UPDATED 14:38 EST / JUNE 05 2012

HP Helps Deliver Mobility for Australian Students

theCube began its live coverage of the ~11,000-attendee HP Discover conference in Las Vegas today. Wikibon founder Dave Vellante and Wikibon analyst Stu Miniman kicked off the interviews with Gregory Bell, an HP customer and Head of Technical Services for Ballarat Grammar School in Australia. Located one hour outside of Melbourne, Ballarat Grammar is host to roughly 1,400 students ages 3-17 and is supported by a staff of 200. A 12-year veteran at the school, Greg’s main objective is to keep all of the flashing lights green, preventing them from turning red or yellow.

Pointing out that Ballarat Grammar is an HP shop through and through, Vellante asks Bell how they deal with competitors when it comes time to purchasing new equipment. “We most certainly look at other vendors for servers, storage, notebooks, etc. – we put them all on the table, make our comparisons, and perform our due diligence,” said Bell. “HP consistently wins – not just on price, even though we get volume discounts, but on build quality as well.” Ballarat Grammar is on its fifth year of using HP tablets for its staff. The most recent purchase included analysis of 4-5 vendors. “HP won easily,” said Bell.
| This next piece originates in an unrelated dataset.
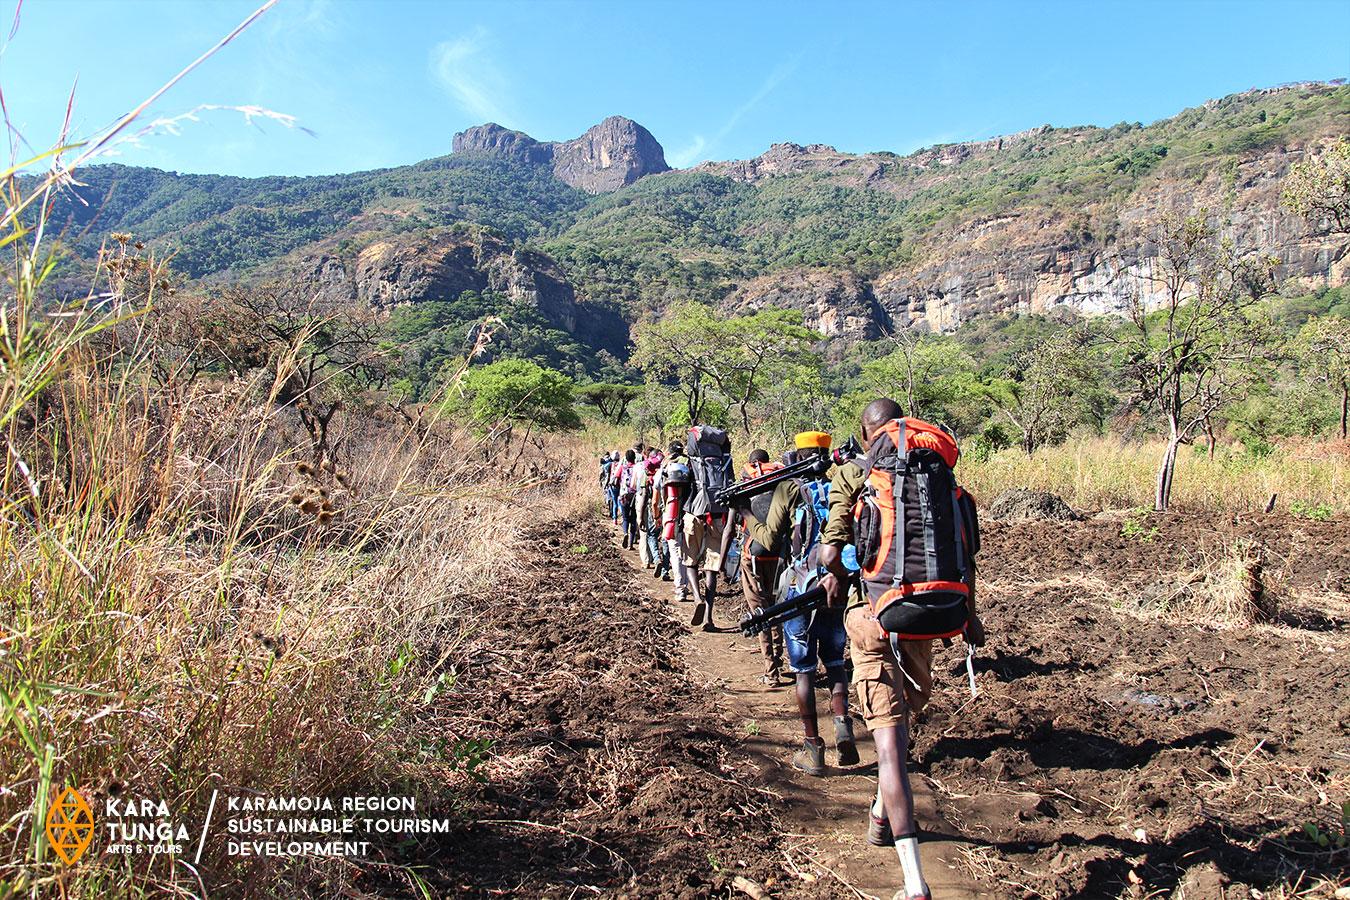 karamoja-hiking-guides-assessement-mount-moroto-kadam-napak-morungole

Bell described one of Ballarat Grammar’s more recent and tasking projects driven by the school’s initiative to provide a 1:1 pairing program for its senior students. With this program, the school opted to provide every student and staff member with his/her own HP Netbook running Windows 7 and a copy of the full version of Microsoft Office. Ballarat Grammar’s biggest hurdle with this initiative? Handling all of the additional devices connecting to the network via mobile hotspots throughout the school. Here are some of the key challenges that HP helped Bell overcome:

  • Getting down to a single wireless network for the entire campus whereas they used to have four — HP helped Bell move to a single 802.11n network to accommodate connections and bandwidth.
  • The classrooms are very close to each other and Bell was experiencing channel collisions. Again, the move to 802.11n allowed Bell to set dynamic/static channels to avoid the conflicts and collisions.
  • At any given time, the network could have as many as 500 mobile devices connected; HP’s wireless network and servers, 99% of which are virtualized, are running Windows in VMware and are managed by vCenter, allowing up to 900 devices to connect at any given time – all viewing rich content such as classroom videos from YouTube.
  • The students need to be able to access their school content anytime, anywhere, from any device. While the project has not been completed, HP is helping Bell to identify and deploy a network access control (NAC) program that will allow both school-provisioned devices and each student’s own personal device(s) to access the school network.

When asked by Vellante about Ballarat Grammar’s position on “the Cloud” Bell replied “not much.” Bell is not a fan of the hype surrounding the public Cloud. “We’re not keen on trusting other peoples’ privacy policies; we don’t want our student and staff information residing outside our own network,” Bell added.